133. neonsunset ◴[] No.42483064{5}[source]
Oh, it's mainly for platform compatibility. IL2CPP performance is really problematic since it still carries many issues of Mono, even if transpiled to C++: https://meetemq.com/2023/09/18/is-net-8-performant-enough/ (don't look at just the starting graph - make sure to scroll down to notes where RyuJITs code competes with other fast entries or even outperforms them).

Perhaps what you were looking for is NativeAOT? Either way C ports really well to C# since it supports a large subset of it "as is" and then some with generics and other features originating from C# itself.

134. medo-bear ◴[] No.42483244{13}[source]
you feeling the need to defend it at every jibe. chill. rust is not a cult
135. medo-bear ◴[] No.42483255{13}[source]
so many powerful words lol
136. SAI_Peregrinus ◴[] No.42484000{4}[source]
> "Formally verified" means someone has written a correct mathematical proof that the code has no bugs

No, only that it complies with a formal specification. The code will have bugs if and only if the specification has bugs.

The difficulty of writing a bug-free formal specification is just as great as writing bug-free code. In some domains it's easier to write the specification, but not in most. Fully specifying what a program shoud do is often the hardest part of programming, after all.

137. lambda ◴[] No.42484006{6}[source]
You also need to consider that formal verification is not the be-all/end-all of correctness.
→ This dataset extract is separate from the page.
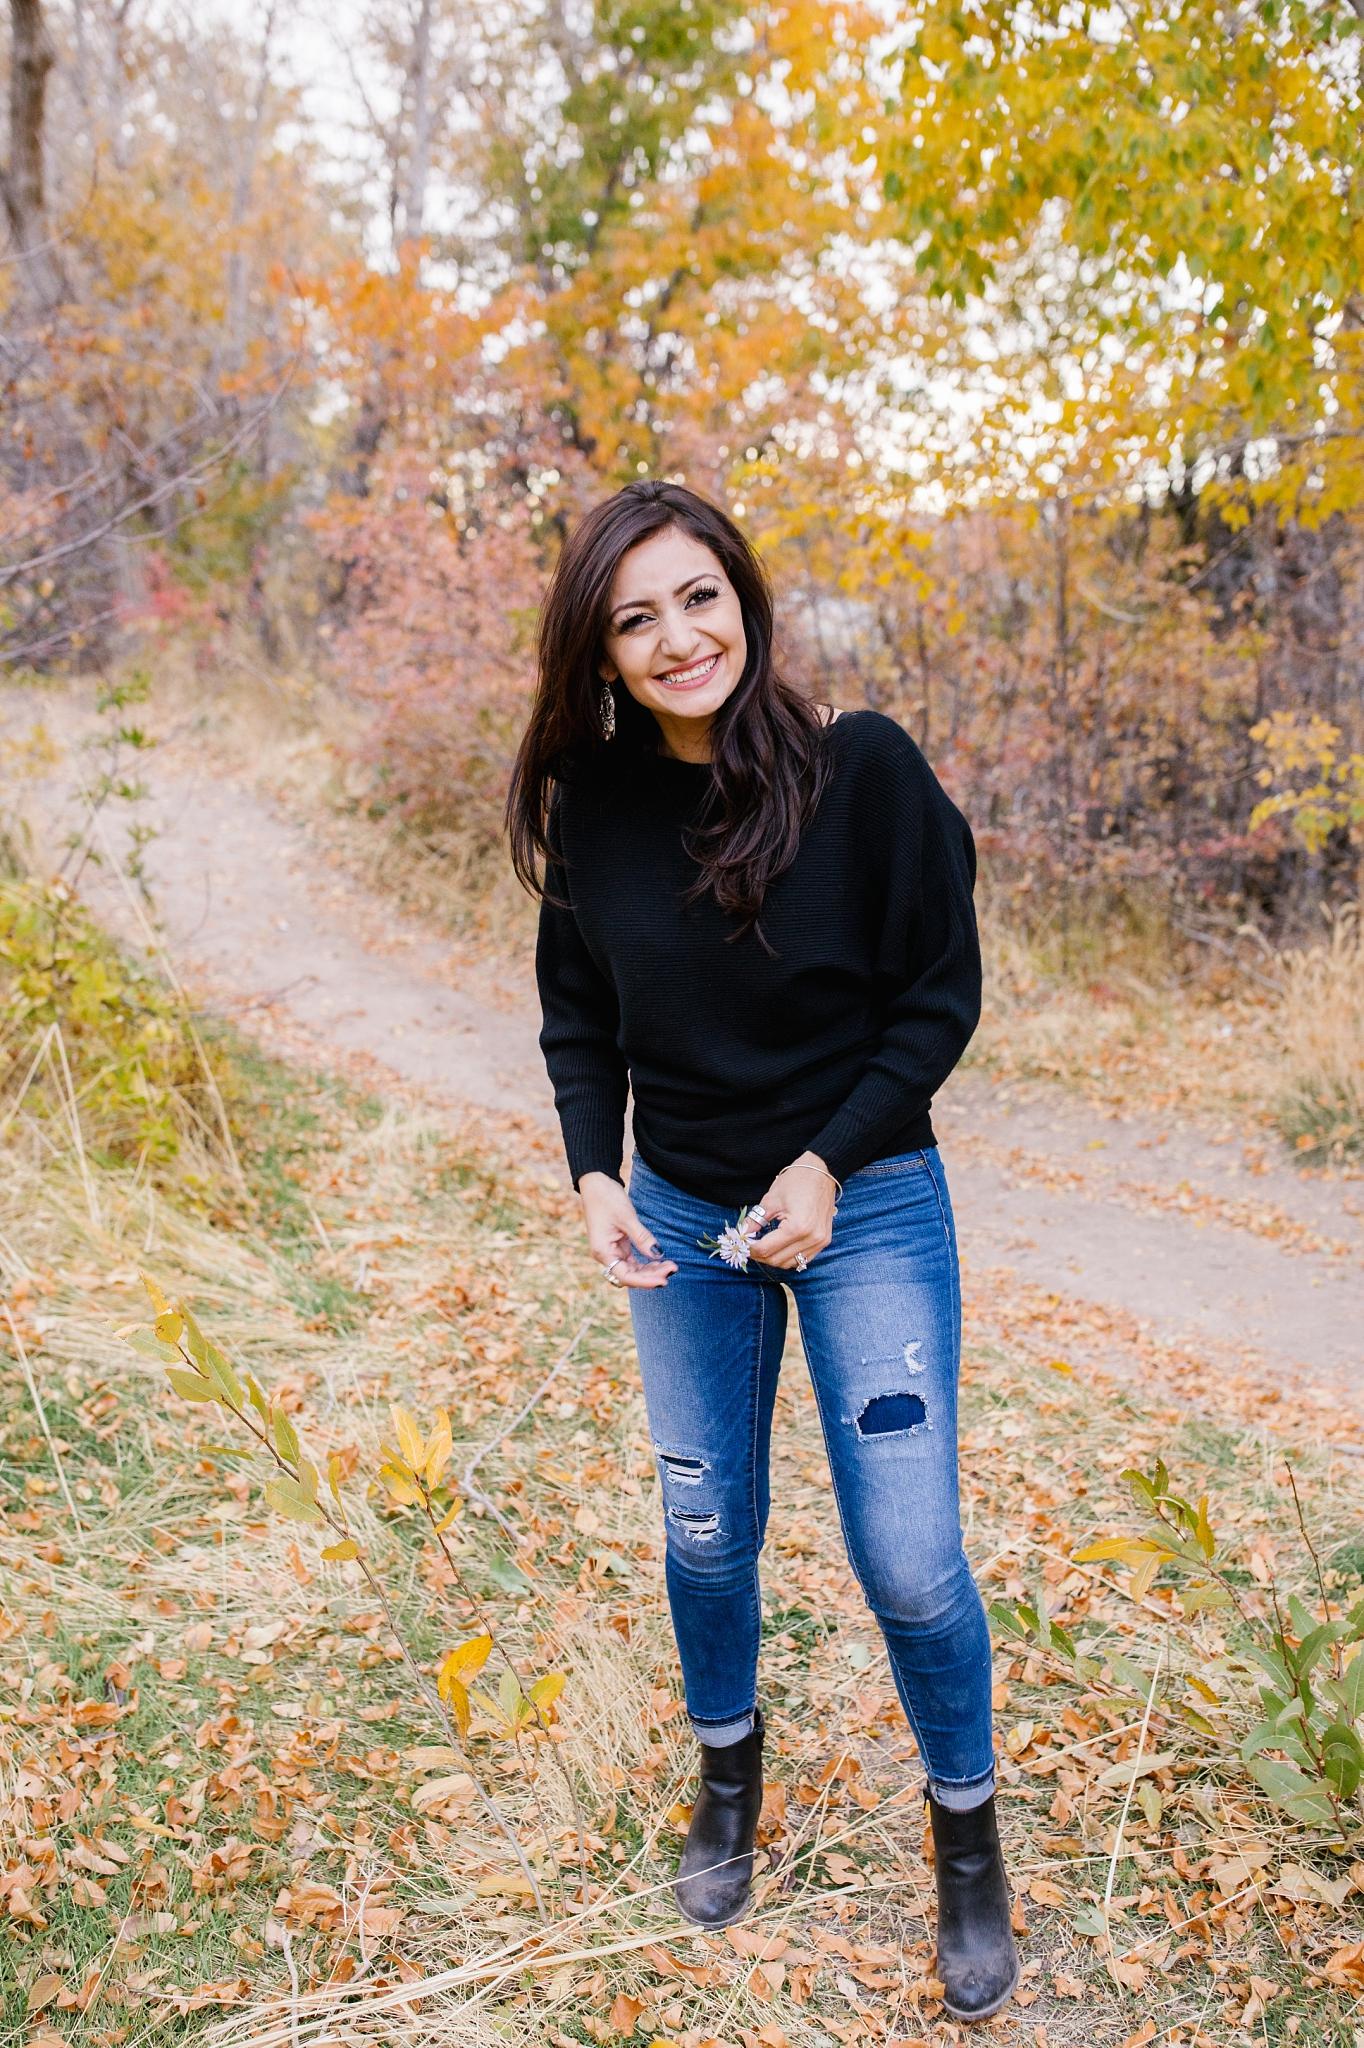 Tischner-102_Lizzie-B-Imagery-Utah-Family-Photographer-Park-City-Salt-Lake-City-Nephi-Utah.jpg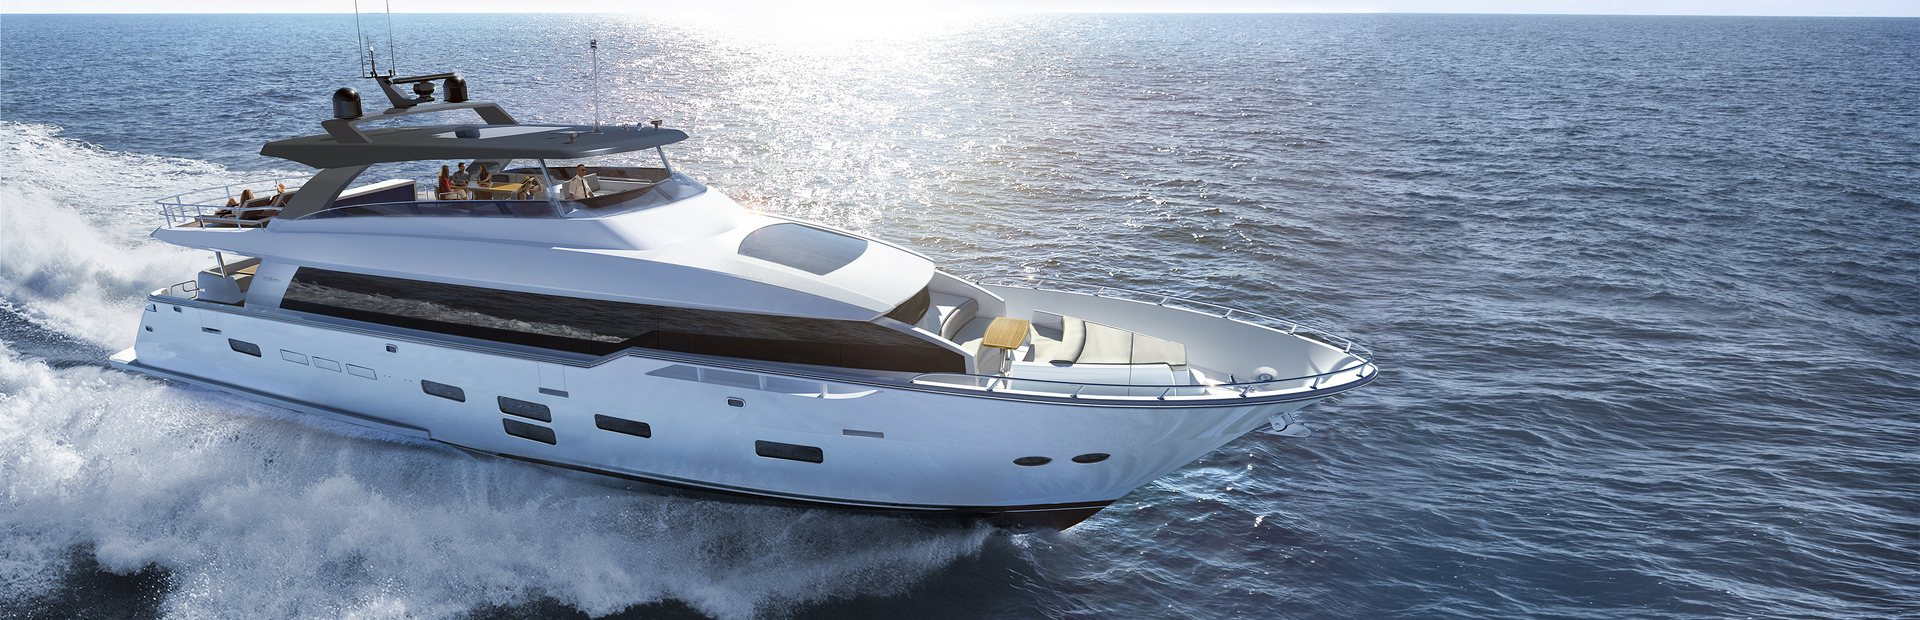 M98 Panacera Yacht Charter

Formal verification is verifying a mathematical model of the program correct, according to certain mathematical correctness properties. That model may not actually represent the real world, or the correctness properties may not actually be the properties that you want to guarantee. Famously, there was the formally verified Java LinkedList implementation that was buggy due to the formal model not taking into account integer overflow.
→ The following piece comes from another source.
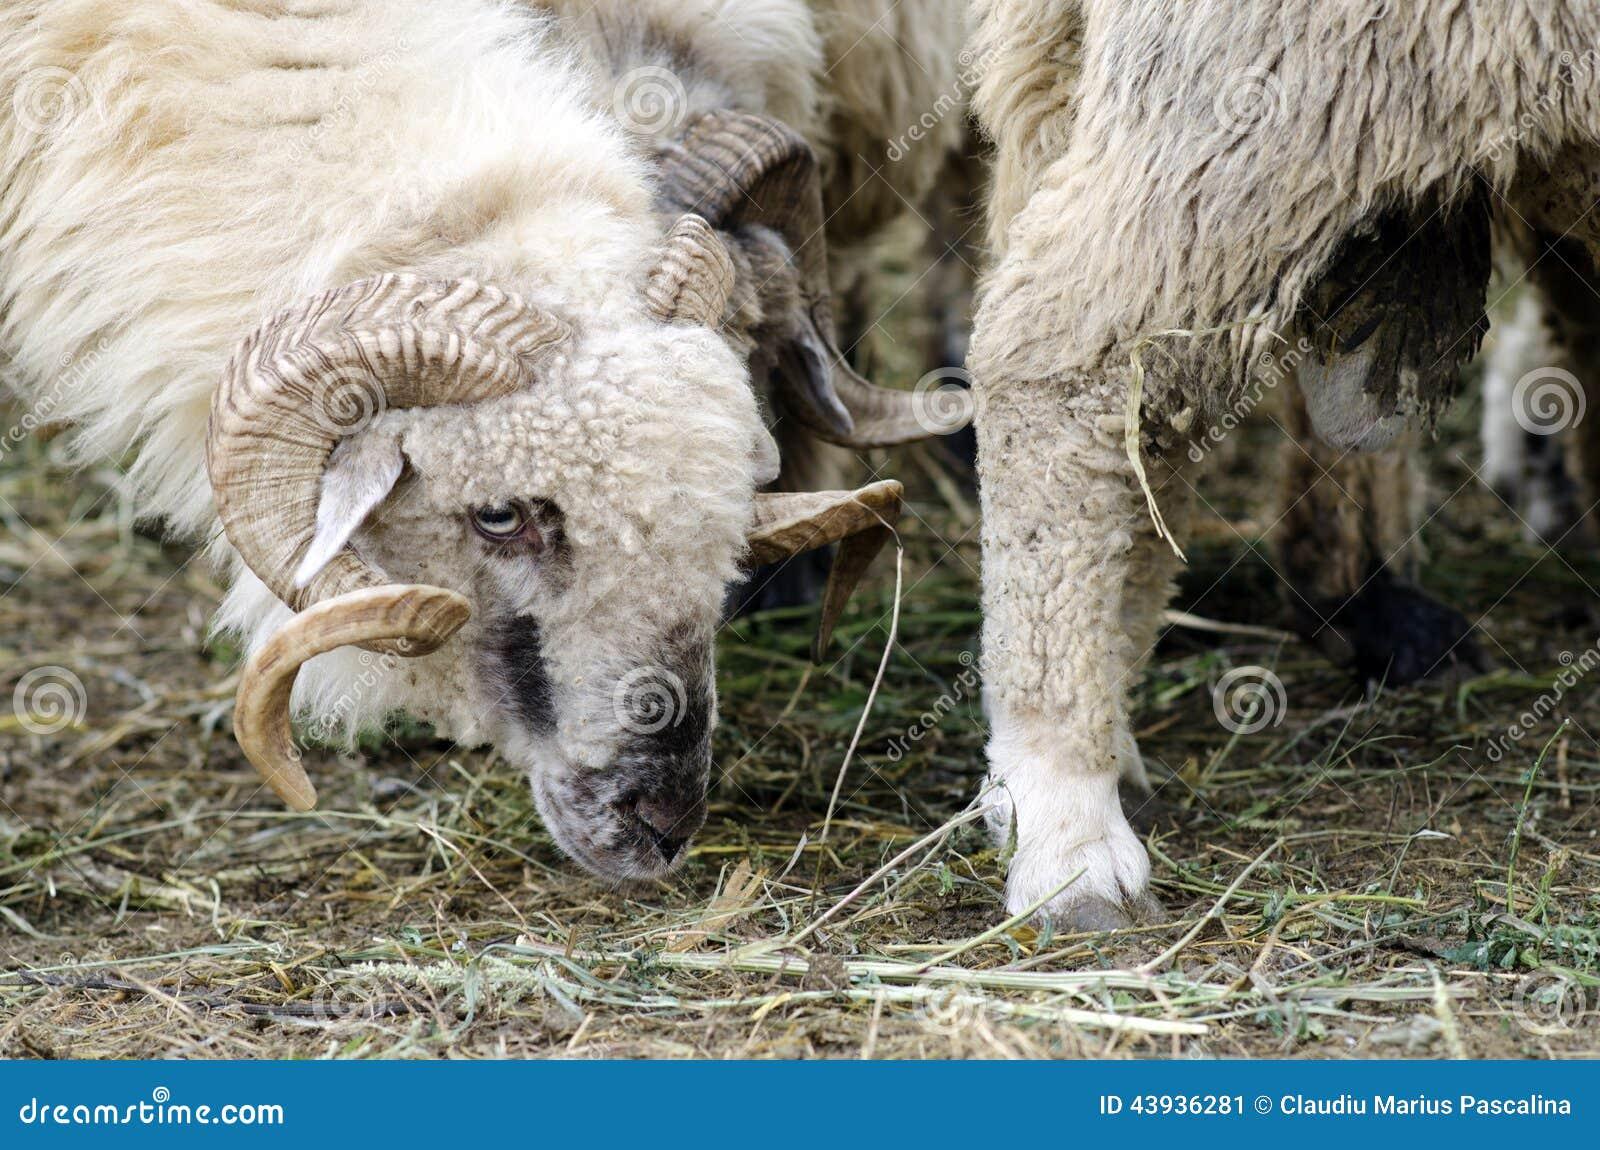 Male sheep stock image. Image of ovine, animal, nature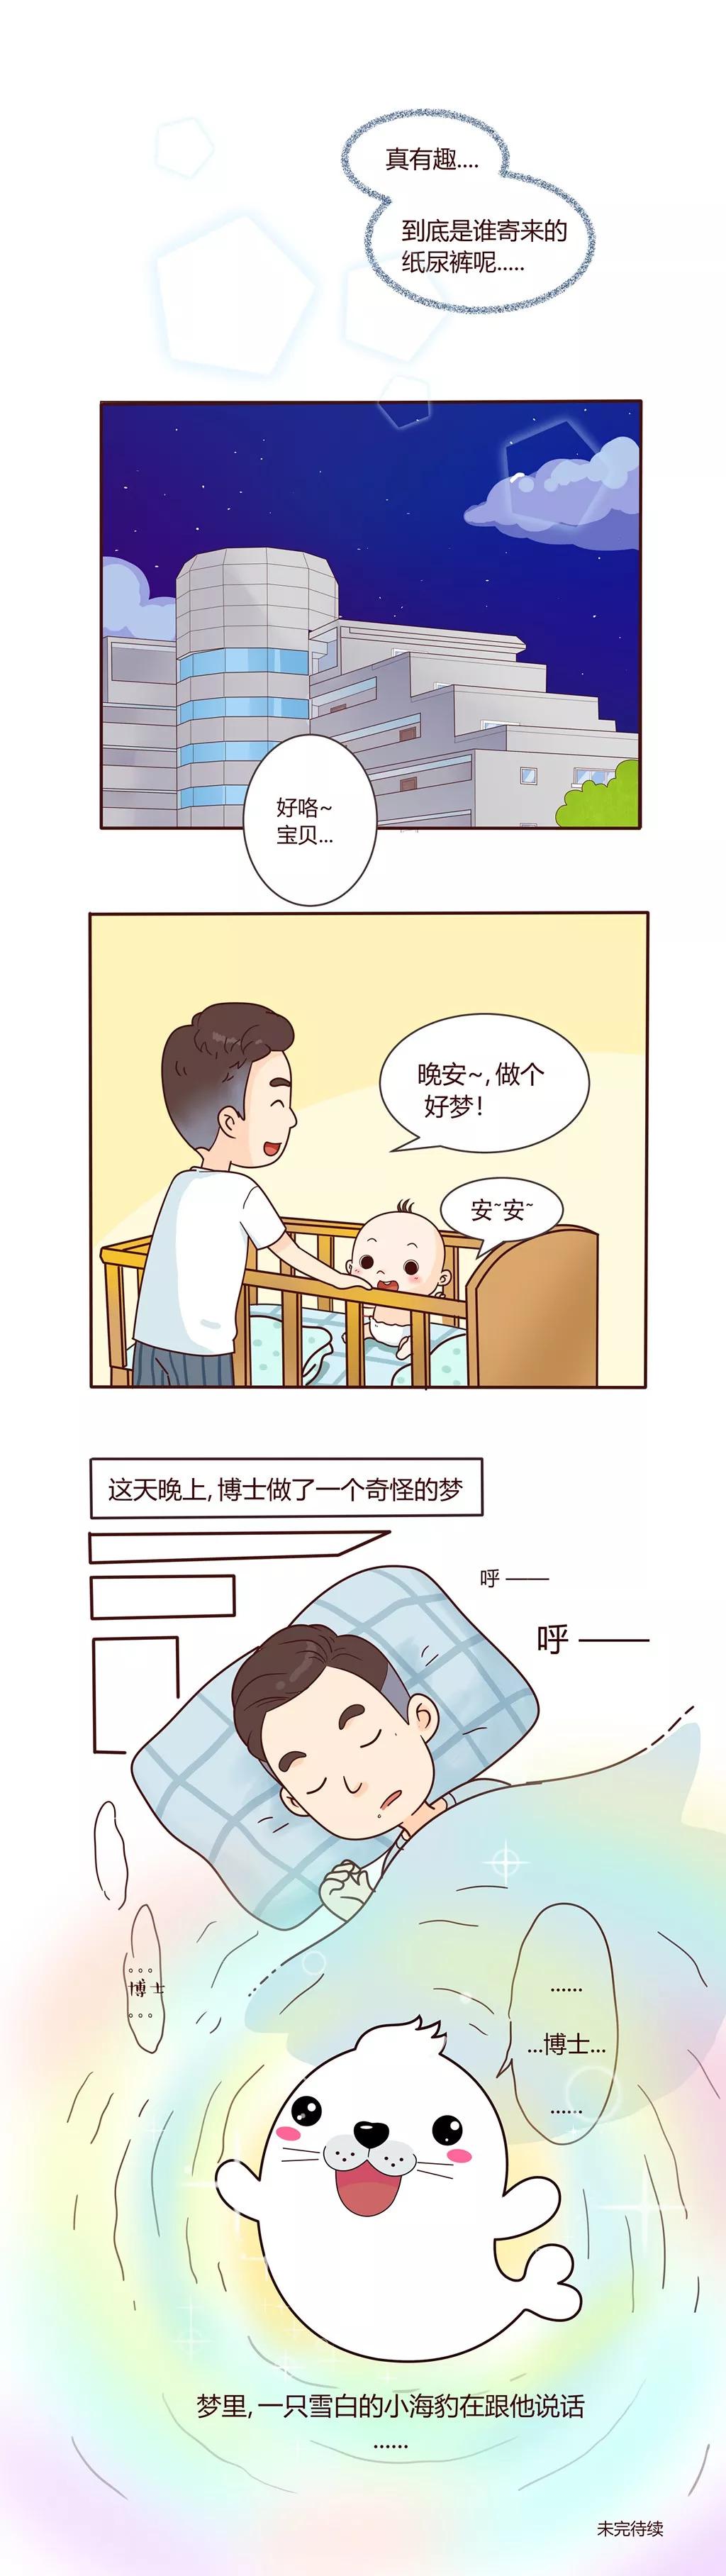 《小萌希奥》大型连载漫画第1话:来自外星的神秘快递

There are parts of the Rust language and standard library that have been formally verified. That helps provide confidence that the basic model, of having safety properties upheld by unsafe core functions, to be sound.

But the big advantage of Rust, especially for everyday open source code that the world widely depends on, is that it strikes a good balance between a language that people actually want to use, and which can provide good practical safety guarantees.

Rust is far, far safer than C and C++. Most other memory-safe languages also are, but trade that off for lower performance, while Rust provides a similar level of performance as C and C++. And additionally, it's a language that people actually want to use for writing a lot of the core infrastructure.

As far as I know, I have never use any open source software written in Ada/SPARK. People just don't do it. The only reason they generally do is if they need to for functional safety reasons, in a high-criticality system, and they find it easier to get their software certified by writing it that way.

And even in safety critical systems, most people find using a subset of C, with restrictive rules, static checkers to check those, code review, and extensive testing, done by independent teams and testing on real hardware with requirements based tests that achieve 100% coverage at the MC/DC level is considered to be the gold standard of verification.

Formal verification can not possibly provide some of the safety guarantees that testing on real hardware based on actual system level requirements can provide.

Formal verification is one tool in a toolbox. It is useful for providing certain guarantees. But it's less important than many other factors for the actual improvements in safety that Rust can provide; by actually being used, in critical software that is exposed to potential network based exploitation, a memory-safe language like Rust makes a much better foundation than C or C++, and more people will actually use it in such a context than Ada/SPARK.